While going through some practice code from a book, I ran into an odd
issue with this do block.
The book put the code this way and it worked fine.
def mtdarry
10.times do |num|
square = num * num
return num, square if num > 7
end
end
num, square = mtdarry
puts num
puts square
This returns 8 and 64, which makes sense.

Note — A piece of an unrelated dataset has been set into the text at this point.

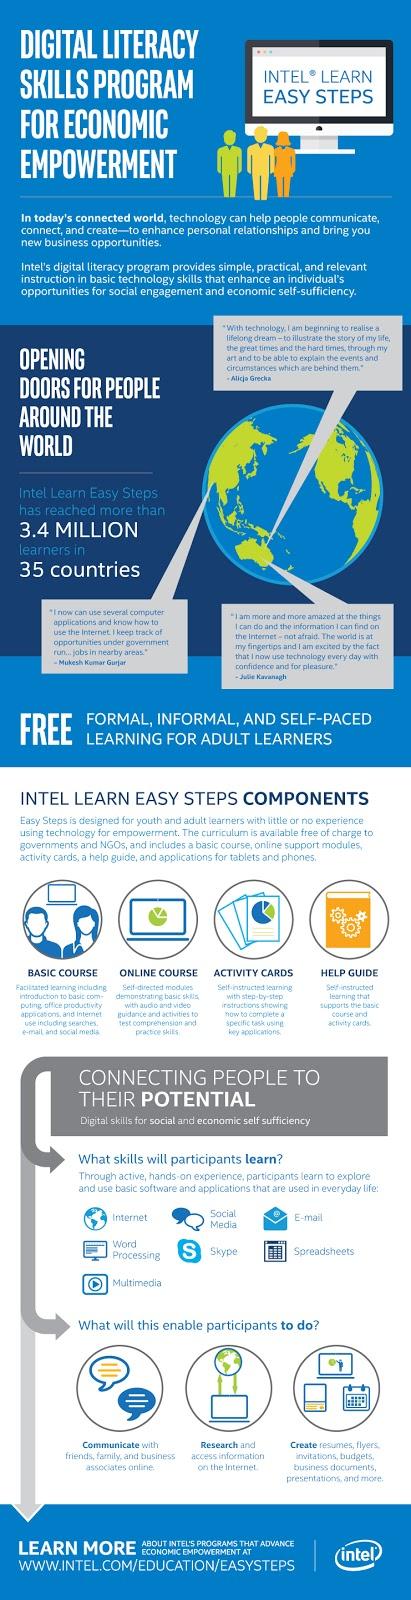 Intel ® Learn Easy Steps | Center for Education Innovations

The problem I ran into is in changing the > to a =.
def mtdarry
10.times do |num|
square = num * num
return num, square if num = 7
end
end
num, square = mtdarry
puts num
puts square
At this point, it outputs 7 and 0. Why does it not calculate the value
of square properly?
The problem I ran into is in changing the > to a =.
def mtdarry
10.times do |num|
square = num * num
return num, square if num = 7
end
end
You want an equality check, not assignment.
a = 1
=> 1
a == 1
=> true
a == 2
=> false
num = 7 is always true, because all values except false and nil are
true in the boolean sense in Ruby.
num == 7 is only true when num is 7.
-greg
···
On Thu, Jul 31, 2008 at 2:09 PM, CompGeek78 <keven.denen@gmail.com> wrote:
Oh gads I'm an idiot...thanks.
···
On Jul 31, 12:14 pm, Gregory Brown <gregory.t.br...@gmail.com> wrote:
On Thu, Jul 31, 2008 at 2:09 PM, CompGeek78 <keven.de...@gmail.com> wrote:
> The problem I ran into is in changing the > to a =.
> def mtdarry
> 10.times do |num|
> square = num * num
> return num, square if num = 7
> end
> end
You want an equality check, not assignment.
>> a = 1
=> 1
>> a == 1
=> true
>> a == 2
=> false
num = 7 is always true, because all values except false and nil are
true in the boolean sense in Ruby.
num == 7 is only true when num is 7.
-greg